Он жадно затягивается, веки чуть вздрагивают. Словно крылья бабочки. Вот
взмахнет крыльями...
Санька говорит долго, я слушаю. Постепенно речь его начинает стихать, стихать
для меня. Она вовсе прекращается, только видно, как открывается рот, оголяя
десны. Какой-то новый смысл рождается во мне. Еще не знаю, что суждено мне
выродить. Может, это будет мышь, хотя куда мне до горы...
У Саньки дурацкая манера тыкать в нос папиросой. Я беру ее. Ему надо, чтобы я
взял папиросину, иначе он видит, что я не слушаю.
– ...Материя рвется к жизни, – говорит Санька, я затягиваюсь. – Весь смысл ее –
стать живой, мутируя из неживой: из камней, воды, смертей, стеблей и смолы. Вот
зашевелились амебы, ползут ящеры, макаки хватают палки. Живая материя становится
разумной... Серого вещества все больше. Если проследить прогрессию, то вся
материя должна стать серым веществом. Материя хочет жить. Осознанная –
осознанно. Она хочет жить и тогда начинает уничтожать себе подобную – разумную.
Во! И вот разумную...
– Знаешь что, Санька... – перебиваю я.
– Подожди, – перебивает он. – И вот разумная материя допетривает до
самоуничтожения! Может, в этом и есть ее глубинный смысл, закон. Черт ее знает!
Даже звезды – пх-х! – взрываются. Сперва белые гиганты, потом красные карлики,
черные дырки, потом – пх-х!
Санька смешно взмахивает руками, изображая космический взрыв. ...Я есть материя
разумная. Вот иду как бы по неживому – по полю. Иду босиком, заземляя
статическое электричество своего тела. Здесь травы, пахнет вереском, острый
запах вереска бьет в ноздри. Здесь и живая материя, но неразумная: кузнечики на
складных ножках, бабочки, усыпанные пудрой пыльцы, похожие на Санькины
веки.
– ...И вот тогда я излагаю теорию "Человека – праздника материи". И
это отнюдь не идет поперек теории самоуничтожения...
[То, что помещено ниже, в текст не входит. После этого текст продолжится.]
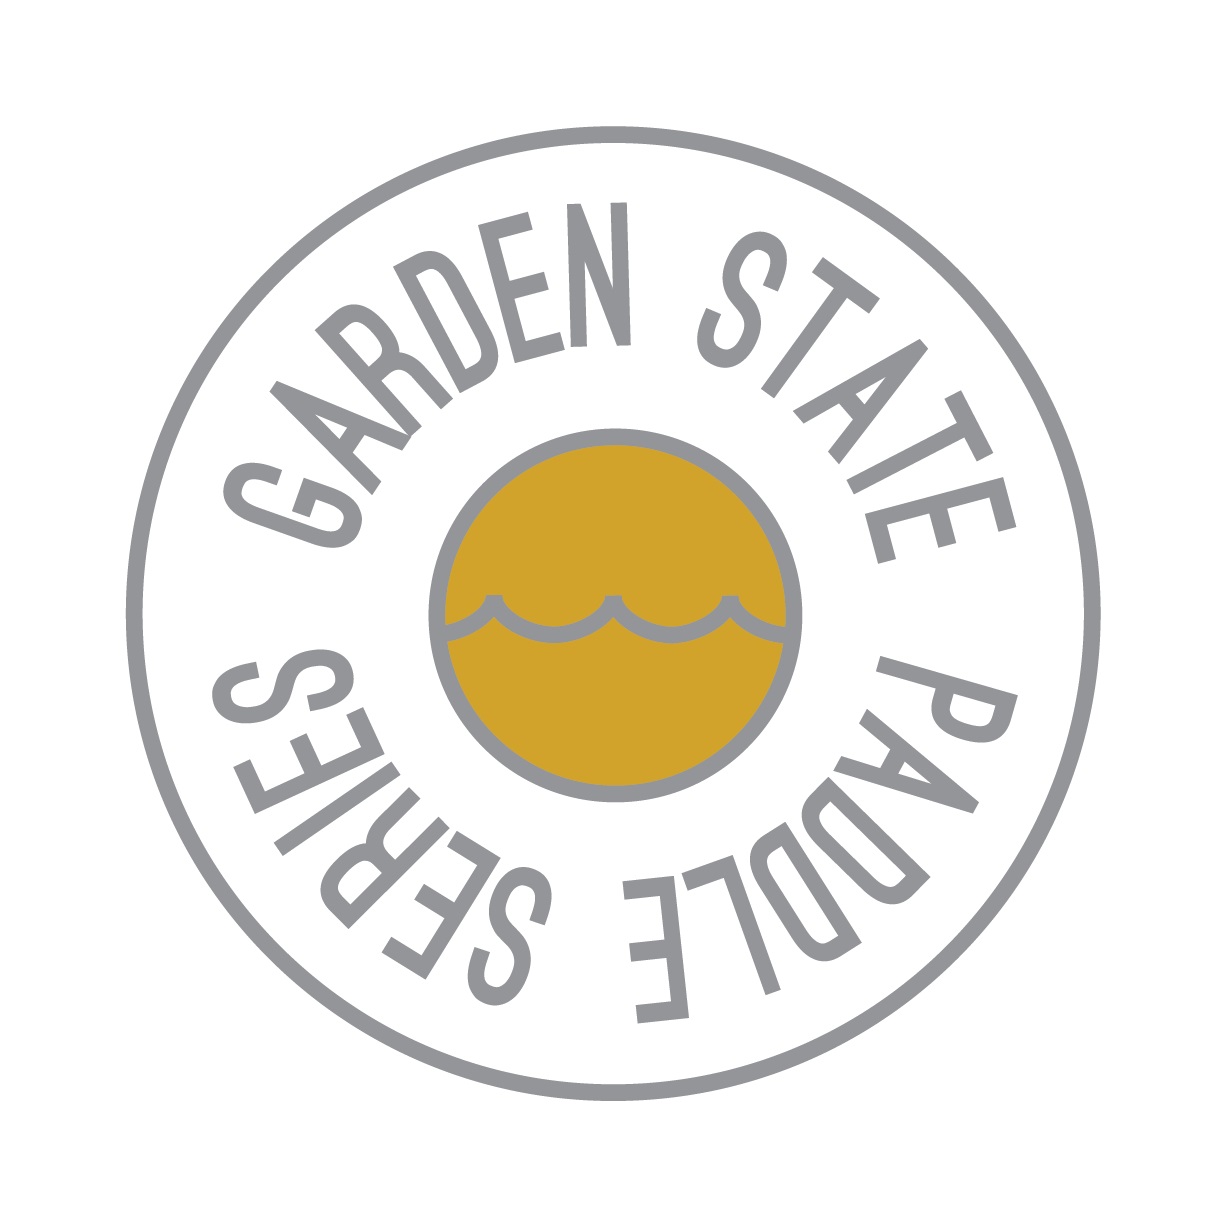 GSPS-logo-token-final.jpg

Снова речь его стихает, и мой путь – по вереску, сквозь его запах. От зноя губы
солоны, а тело потно. Редко жаркий воздух вздрагивает ветерком. ..
– ...В патриархальном обществе семья крепче панциря, в цивильном обществе на
один брак – один развод. Куда-то подевались дети. Нужна новая форма, потому что
одиночки не составляют гармонии. В борьбе противоположности должны соединяться.
Я говорю о "Теории брачного договора"...
Мои губы снова шепчут то слово, над которым я колдовал час назад. Язык прижимаю
к губам – "л". Отскакивает от них – "а". "Лав-ка",
– шепчу я.
– Тепличные выродки, – говорю я Саньке.
– ...Чтобы орава юристов в специальных конторах, оснащенных вычислительной
техникой, составляла договор.
Вытягиваю руку вперед, почти затыкаю ему рот ладонью.
– Мы с тобой тепличные выродки, – говорю. – Понимаешь ты или нет?
Санька замирает, глаза его останавливаются и гаснут. Я вижу – он понимает лучше
меня. Испуганно улыбается, словно меньше становится. Хлопает ресницами, большим
веером своих ресниц. Он по узкому коридору, цепляясь плечом за шершавую стену,
идет к двери. За дверью САНКТ-ПЕТЕРБУРГ дает прикурить. Там сцена, там Рекшан
запел про "сердце камня", а я остаюсь в затхлом коридорчике один.
Только запах вереска еще со мной и духота.
– Тепличные выродки, – говорю я, глядя на противоположную стену, на паука,
который как брошка и который замер в углу, поджидая добычу.
* * *
Рабочие напялили оранжевые жилеты. Лица их казались хмурыми и сонными. Они
деловито переругивались. От ловких щелчков окурки чертили траектории в темноте,
словно светлячки. Была ночь, короткая майская ночь, преддверие белых ночей.
Рабочие втыкали ломы под рельсы и дружно наваливались, но рельсы не поддавались.
Слышался скрежет металла о щебенку. Брань становилась изысканней. Взлетело еще
несколько сигаретных светлячков.
Мать давно перестала ждать меня вечерами. То есть она, наверное, ждала
по-прежнему, но это перестало быть делом благодарным. Я мог остаться и в общаге,
и у Егора, и вообще у кого угодно. Меня все равно бы дожидалась на плитке
сковородка с котлетами. У моей матери котлеты особенные. Таких котлет больше
нигде нет. В них лук и чеснок. Вкус у них... Это вкус воспоминаний о беззаботном
времени, за него мы цепляемся до сих пор.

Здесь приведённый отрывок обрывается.